§ **What this task involves**: Look below for the line with "BS 02-C-39 - Victoria", and from there restate every line word for word until the entries end.

Extracted information START

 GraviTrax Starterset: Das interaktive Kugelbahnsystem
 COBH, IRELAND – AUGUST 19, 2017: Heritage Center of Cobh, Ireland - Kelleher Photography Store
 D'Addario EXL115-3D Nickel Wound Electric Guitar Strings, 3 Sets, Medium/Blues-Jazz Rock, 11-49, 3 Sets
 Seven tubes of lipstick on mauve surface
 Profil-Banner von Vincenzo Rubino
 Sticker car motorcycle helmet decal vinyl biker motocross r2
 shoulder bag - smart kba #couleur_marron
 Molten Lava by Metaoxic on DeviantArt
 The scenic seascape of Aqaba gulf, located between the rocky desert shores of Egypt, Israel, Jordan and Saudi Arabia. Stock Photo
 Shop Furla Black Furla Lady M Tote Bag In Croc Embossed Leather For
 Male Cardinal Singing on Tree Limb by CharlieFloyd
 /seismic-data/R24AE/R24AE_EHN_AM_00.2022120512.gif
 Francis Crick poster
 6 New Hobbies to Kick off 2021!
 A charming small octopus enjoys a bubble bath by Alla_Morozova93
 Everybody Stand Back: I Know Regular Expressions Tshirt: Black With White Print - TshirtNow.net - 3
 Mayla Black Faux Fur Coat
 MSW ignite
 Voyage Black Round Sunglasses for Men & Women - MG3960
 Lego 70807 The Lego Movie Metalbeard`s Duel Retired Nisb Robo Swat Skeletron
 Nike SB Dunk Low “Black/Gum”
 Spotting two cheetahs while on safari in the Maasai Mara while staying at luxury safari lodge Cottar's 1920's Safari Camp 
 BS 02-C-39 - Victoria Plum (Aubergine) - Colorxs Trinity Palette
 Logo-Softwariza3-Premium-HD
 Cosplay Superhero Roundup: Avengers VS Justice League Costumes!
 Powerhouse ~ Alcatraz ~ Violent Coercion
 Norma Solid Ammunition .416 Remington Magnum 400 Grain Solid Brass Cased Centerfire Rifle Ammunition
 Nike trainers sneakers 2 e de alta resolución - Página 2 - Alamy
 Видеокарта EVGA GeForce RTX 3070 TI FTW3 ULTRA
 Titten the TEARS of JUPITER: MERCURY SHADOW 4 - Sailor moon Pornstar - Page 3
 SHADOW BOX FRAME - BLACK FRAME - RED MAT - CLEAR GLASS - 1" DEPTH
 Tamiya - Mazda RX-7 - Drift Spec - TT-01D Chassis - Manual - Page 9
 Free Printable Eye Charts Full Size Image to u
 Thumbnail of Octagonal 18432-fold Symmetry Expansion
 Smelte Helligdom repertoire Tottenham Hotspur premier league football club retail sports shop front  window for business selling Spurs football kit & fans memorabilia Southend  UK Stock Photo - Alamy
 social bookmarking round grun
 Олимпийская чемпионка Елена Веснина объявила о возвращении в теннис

Extracted information END

§ **Problem solution**:
 BS 02-C-39 - Victoria Plum (Aubergine) - Colorxs Trinity Palette
 Logo-Softwariza3-Premium-HD
 Cosplay Superhero Roundup: Avengers VS Justice League Costumes!
 Powerhouse ~ Alcatraz ~ Violent Coercion
 Norma Solid Ammunition .416 Remington Magnum 400 Grain Solid Brass Cased Centerfire Rifle Ammunition
 Nike trainers sneakers 2 e de alta resolución - Página 2 - Alamy
 Видеокарта EVGA GeForce RTX 3070 TI FTW3 ULTRA
 Titten the TEARS of JUPITER: MERCURY SHADOW 4 - Sailor moon Pornstar - Page 3
 SHADOW BOX FRAME - BLACK FRAME - RED MAT - CLEAR GLASS - 1" DEPTH
 Tamiya - Mazda RX-7 - Drift Spec - TT-01D Chassis - Manual - Page 9
 Free Printable Eye Charts Full Size Image to u
 Thumbnail of Octagonal 18432-fold Symmetry Expansion
 Smelte Helligdom repertoire Tottenham Hotspur premier league football club retail sports shop front  window for business selling Spurs football kit & fans memorabilia Southend  UK Stock Photo - Alamy
 social bookmarking round grun
 Олимпийская чемпионка Елена Веснина объявила о возвращении в теннис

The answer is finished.